Differentiated gameplay across classes would require a few things, IMO.
For one thing, no shared spellcasting lists. Imagine a game where Necromancers cast necromancy spells, that's it. Illusionists only created illusions. Maybe a generalist wizard in there, but casts much less efficiently due to spreading her focus.
Different spellcasting methods. Anyone else remember the Channeler, Defiler, and other options from the 2e S&P and S&M books? Something like that, but really differentiate them. Maybe Channelers lose HP to cast (there's a wizard in the Sentinels of the Multiverse game that works like that), maybe Defilers damage the area and characters around them to cast spells. Might create some neat in-game decisions...
(As an aside, I know this isn't about caster supremacy, but early on the convo was about how reliable spells are; I agree, to the point where they feel more like science than magic. Robust systems like channeling and such would make them feel special again, IMO. If it's about supremacy in combat, what about re-introducing spell disruption?)
A set of maneuvers that for martial classes resemble the philosophy of video game mechanics. In "Injustice" my son rarely beats me, BUT...if he uses Martian Manhunter and manages to pull off one particularly difficult move, he can chain it to a bunch of follow-up moves that decimate me.

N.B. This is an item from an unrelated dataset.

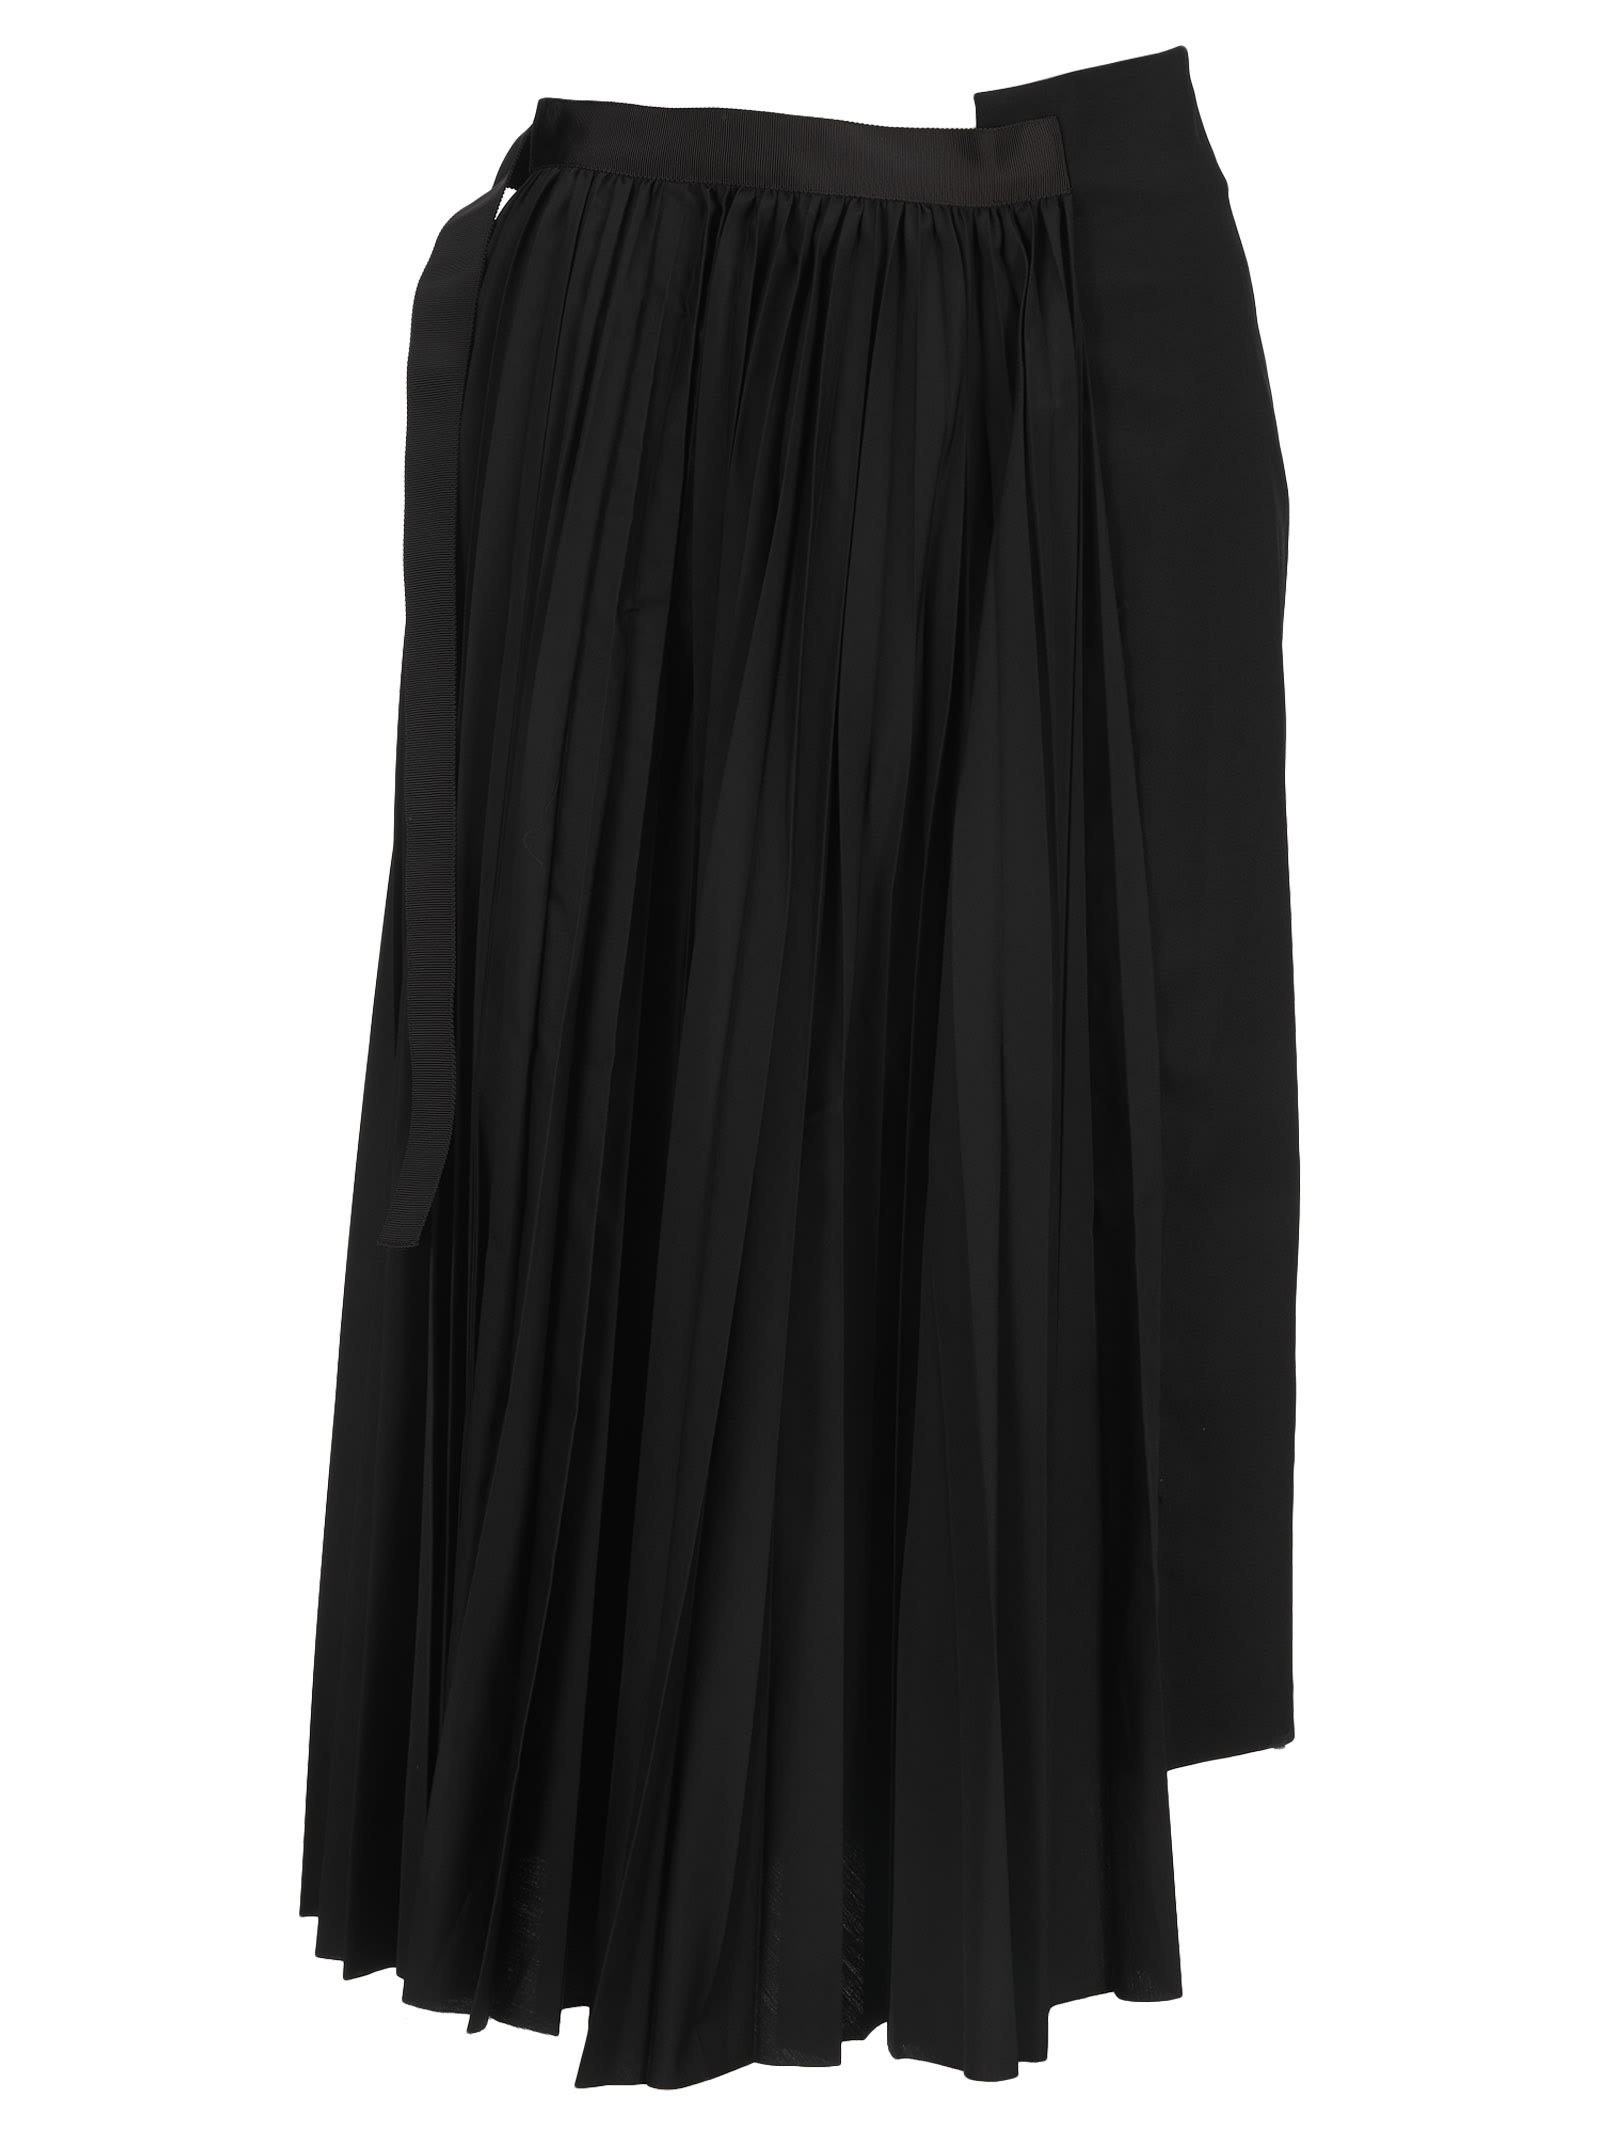 Sacai Asymmetric Pleated Skirt

Imagine each martial getting a set of maneuvers like that, wherein if you pull off A (could be gated by a particular d20 roll), your next attack can be B (which gives bonus Z, a condition maybe), and if you get that, you can do C (which gives bonus Y, a heavier debuff?). Seems to me there could be a lot of unique designs in here, tailored to each class, making each one feel unique.
Spells that augment skills rather than replace them entirely. PF2 seems to have accomplished this, according to Campbell.
Just my first thoughts on the OP topic...there's some potentially really interesting ideas to be mined from this topic.